Wednesday, April 25, 2007

Relationship development: pet names

So, my man is leaving for three weeks to drink beer in Germany (with some side trips to historical landmarks). I miss him already, and he hasn't even left yet--so here is a post he will enjoy.

He refers to everyone by nicknames--Playasaurus, Hummer, Poor Little Feller, etc. My nickname is Abber Dabber (which is someone else's fault). You'll note how unromantic this name is, especially because it reminds him of 'yabba dabba doo.' Some very unproductive time spent at work recently yielded this (emphasis and color are his):

Abber….Meet the Abber

She’s a modern state employee

From the town of St. Paul

She’s a page right out of history


Someday, maybe Abber wins the fight

And that bill will not get passed tonight


When you’re with the Abber,

Have an abber dabber doo time,

A dabber doo time,

we’ll have a dabber doo old time!

Tuesday, April 24, 2007

I am lazy (an homage to America)

I had an ambitious plan to go running through Como Park tonight--partly to check out a sign for condos that doesn't appear to be attached to any actual condos. I tried driving to the mysterious condos yesterday but found myself on a dead-end dirt alley (with no condos). So perhaps they can only be approached on foot? Or more likely, they do not exist and that sign was put there to mess with my head. But I digress...

As you might expect from the title, I did not carry out this ambitious plan. Instead, I came home, sat on my couch, and ordered a pizza for delivery. I even placed the order online using my credit card so I didn't have to get off the couch to search for my phone or to see how much cash is in my wallet (it's handy to have your credit card number memorized). Now I plan to watch Gilmore Girls and Pussycat Dolls: Search for the New Doll.

Sunday, April 22, 2007

Nerd moment: On the Road

I have recently discovered a great piece of Americana--or whatever the Minnesota equivalent is--Minnecana? It is a show called On the Road, which profiles strange and unique things around Minnesota. Last week it featured "amazing kids," including a kindergarten boy who welds, an elementary school girl who drag races, and (my personal favorite) vacuum boy.

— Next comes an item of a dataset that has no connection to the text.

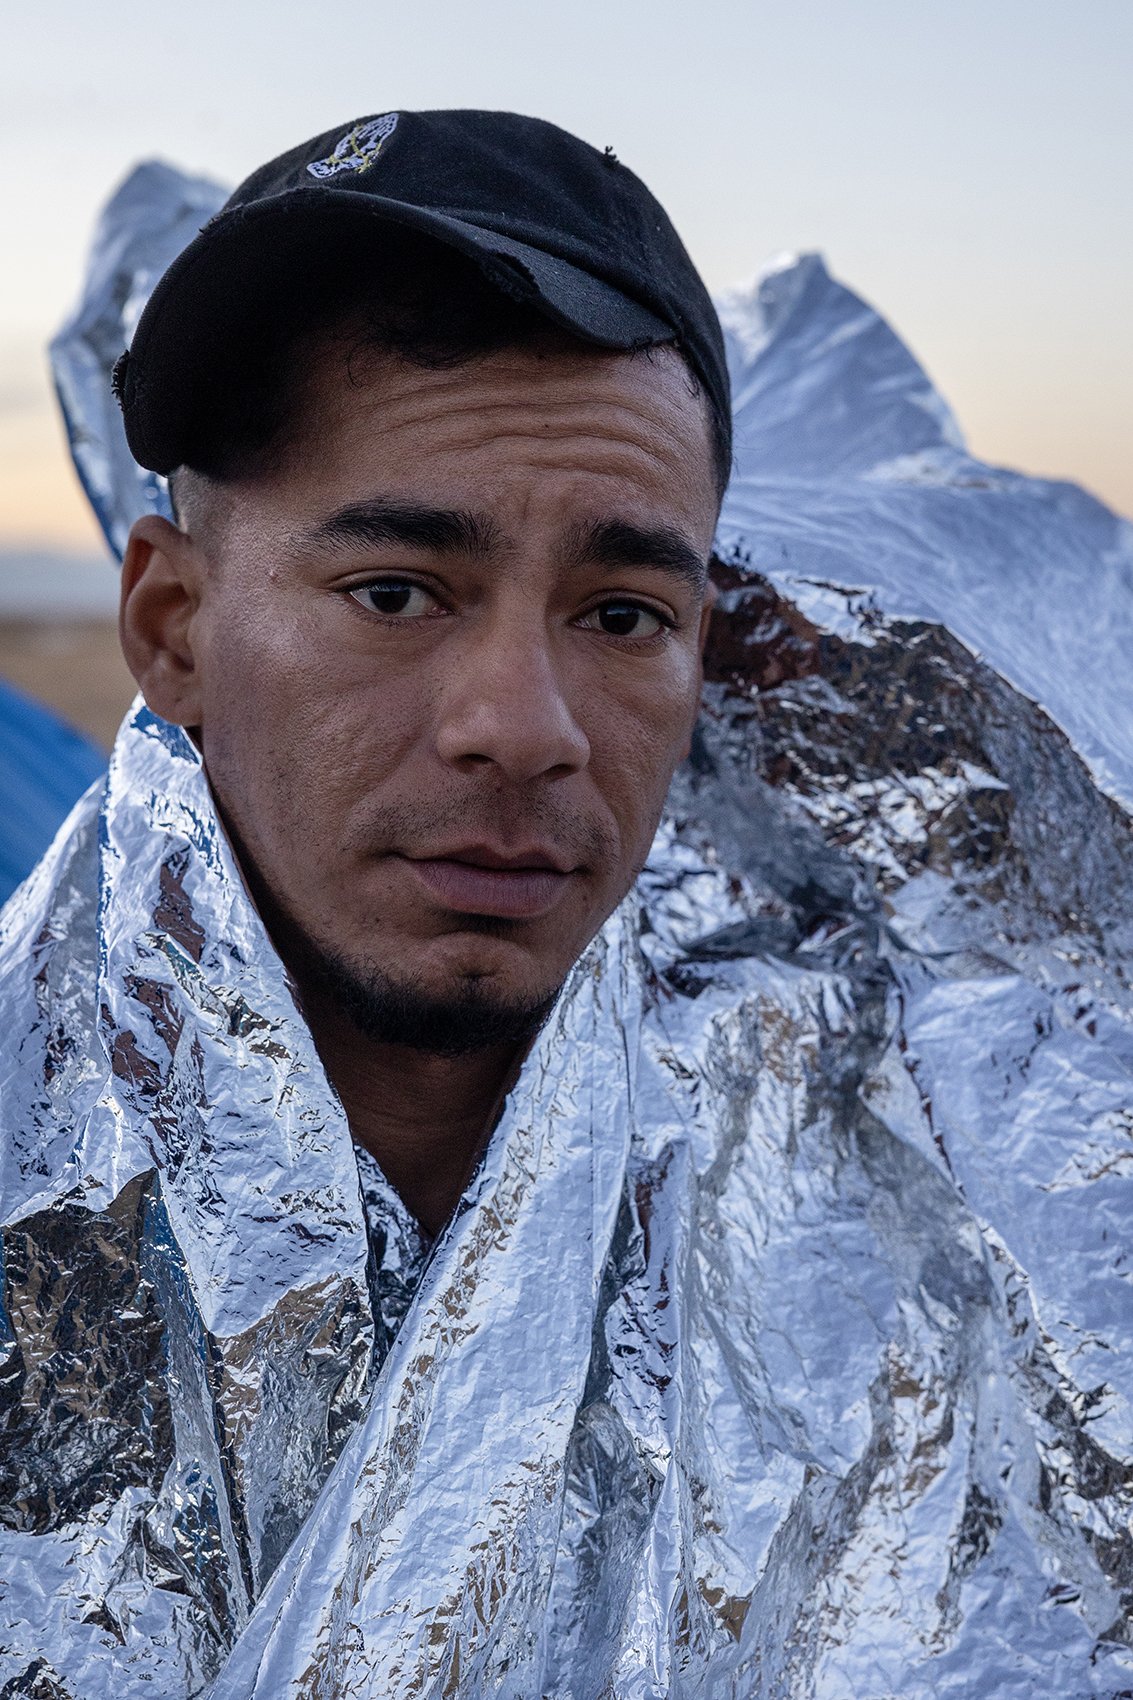  New migrants feel a mix of exhaustion and hope as they end up living on the streets. Credit: Giles Clasen

But the best part about the show is the weekly contest. You know you live in Minnesota when you can compete in something like this:
"Where's Hitch?" Each week we slip a shot of Jason's sidekick, Hitch, the 5 EYEWITNESS NEWS On the Road toad, into one story. If you can tell us correctly in which story he appeared (aside from the usual mention of the contest), you can enter our weekly e-mail contest for one of five 5 EYEWITNESS NEWS On the Road souvenirs. The winners will be drawn at random from the pool of correct e-mail answers received from our online e-mail form.

Thursday, April 19, 2007

Tell me all about it

I swear there's one of those electronic billboards on my forehead. For women it says, "Tell me all about it, I care." For men it it scrolls to, "If you're a little bit odd, and tend to strike out with the ladies, then give me a shot."

Two examples from this week:
(1) I took my car in for an oil change at the usual place, where the two managers are always very good to me and like to chat me up. It must have been a long week or something, because they were even friendlier than usual. The senior manager (male) basically asked me out for happy hour, and the junior manager (female) recounted Anna Nicole Smith’s entire life story in painstaking detail. Needless to say I declined the invitation (although he’s “taking a rain check” and will “hold me to it”). For the A.N. Smith marathon I did a lot of smiling and nodding after earnest statements like “oh, she was always really crazy" and "it wasn't a real overdose because she had been taking those pills for awhile!"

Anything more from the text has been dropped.